By Scott Hirsh
It’s sad but true: we system managers won’t cut ourselves any slack. We repeatedly put ourselves in jeopardy, often making the same mistakes time after time. We even break all the rules we impose on others. Don’t believe me? See if you recognize any of these examples.
1. Hand crafted system management
Ah yes, the good old days. Peace, love and tear gas (I never inhaled). But here’s a news flash, sunshine: for system managers, the ’60s are dead. Predictable, repeatable tasks can and should be automated. If you can script it, you can schedule it. And if you can schedule it, you can automate it. So what are you waiting for? Do you like (take your pick): streaming jobs by hand; adjusting fences and priorities by hand; reading $STDLISTs; staring at the console waiting for that one important message? For this you went to college?
And yet, we (or our management) come up with lots of lame excuses for running a stone-age operation. Can’t afford the automation products, don’t trust automation, can’t trap every error, blah blah blah. Those excuses may fly when you’re small, but suddenly you have more systems, bigger systems and manual management turns your shop into burn-out central. Now there’s turnover costs, downtime costs, opportunity costs.

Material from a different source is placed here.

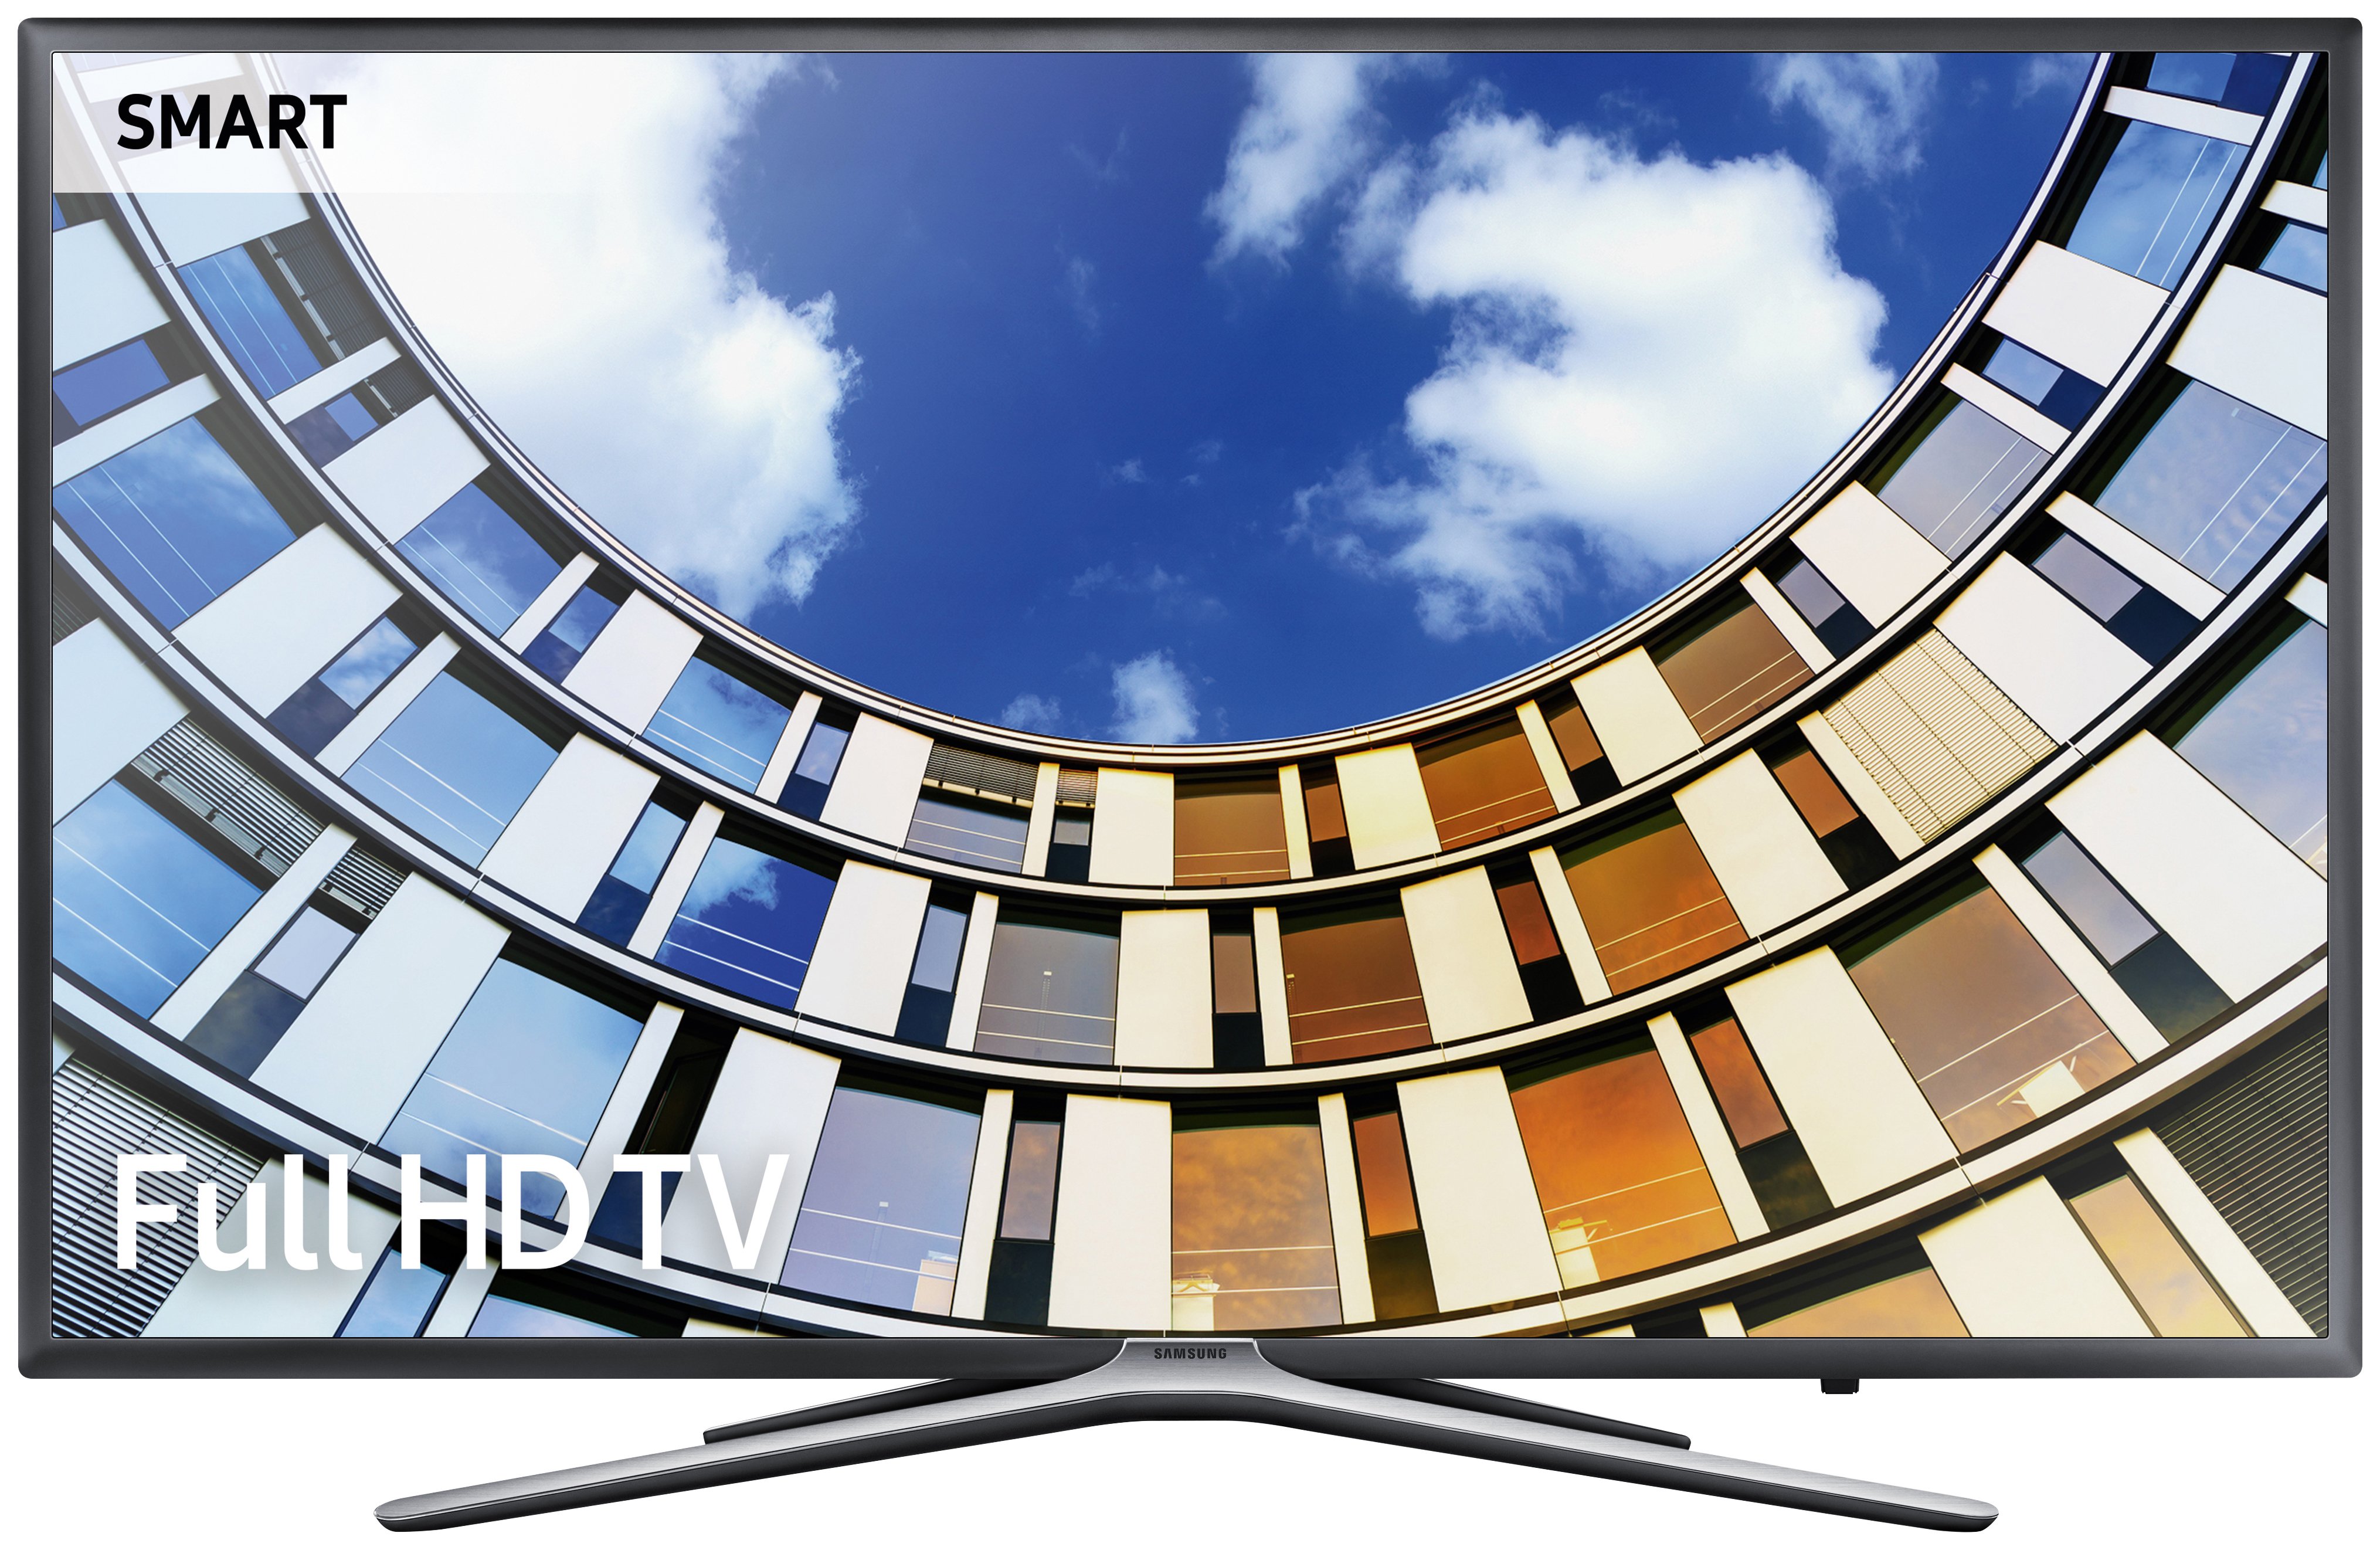 Samsung 49M5520 49 Inch Smart Full HD TV
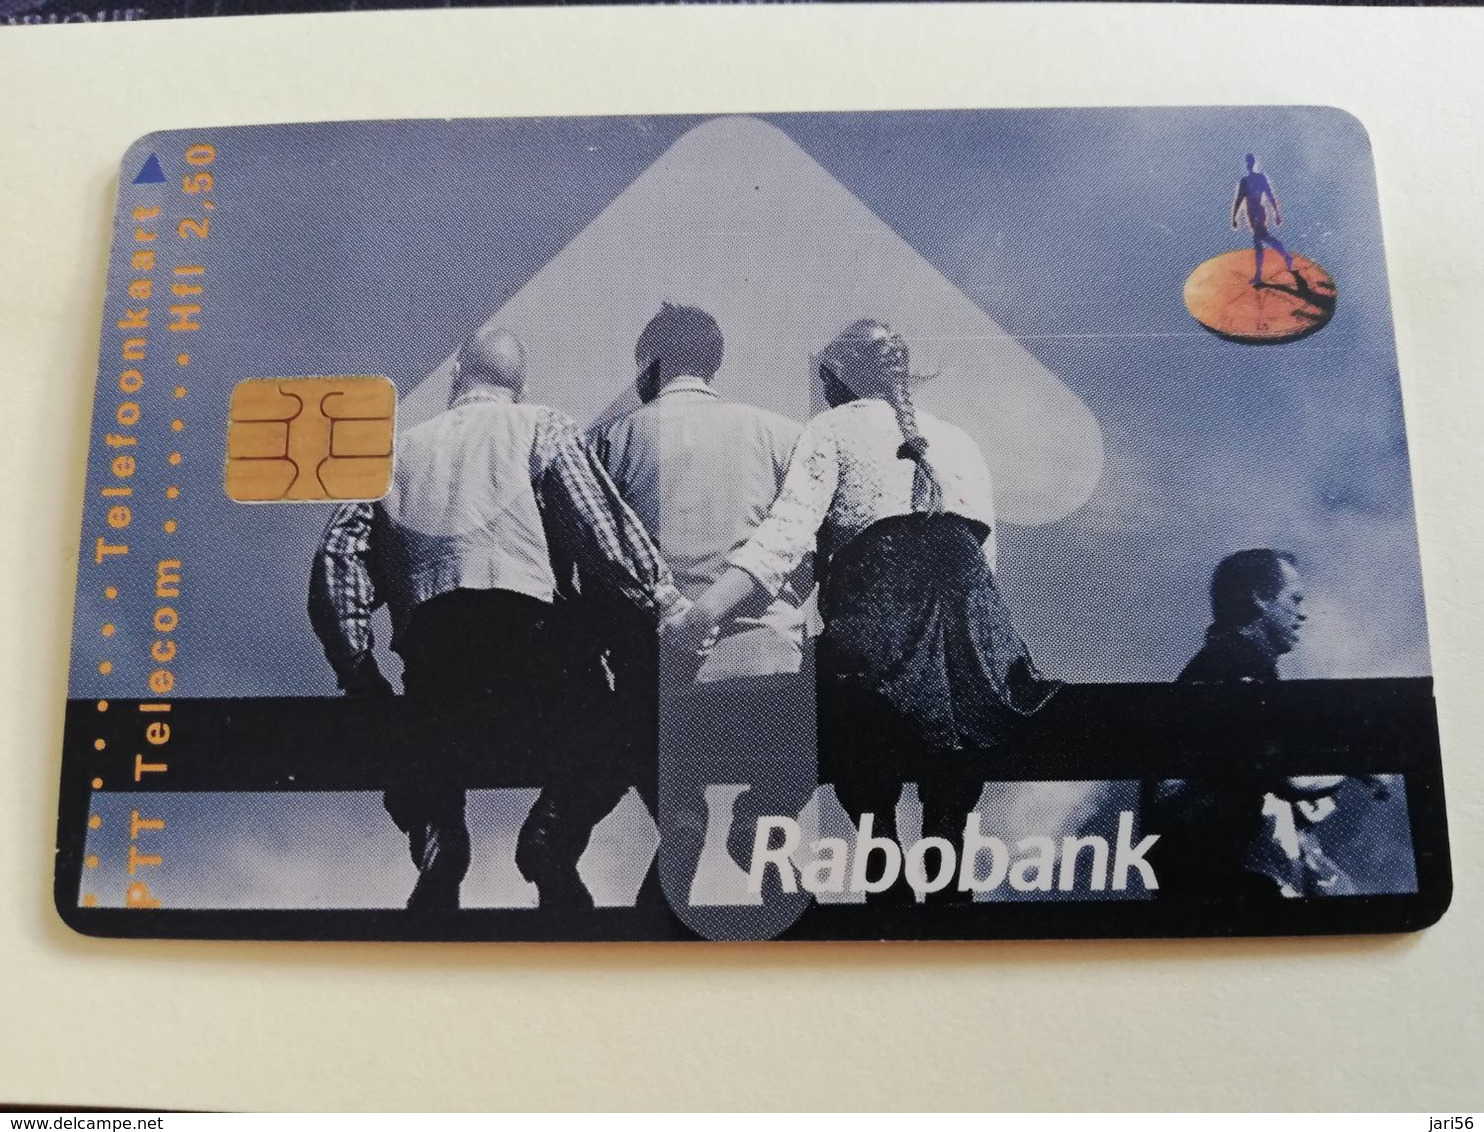 NETHERLANDS  ADVERTISING CHIPCARD HFL 2,50   CRD 378.01   RABOBANK  BANKJE            Fine Used   ** 3213** - Privat

Oh, and by the way, it’s much more expensive to implement automated management in a large, busy environment than it is to grow automated management from a smaller environment. Perhaps some of us are just adrenaline junkies, or we fear not being needed. Get over it and automate already.
2. The disappearing act
A close personal friend of mine — okay, it was me — once made a change to Security/3000’s SECURCON file, then left for an all-day meeting about 40 miles away. Guess what? None of the application users could log on after my change. Way back then, my pager almost vibrated off my belt from that one. And it made for some interesting meetings when I got back.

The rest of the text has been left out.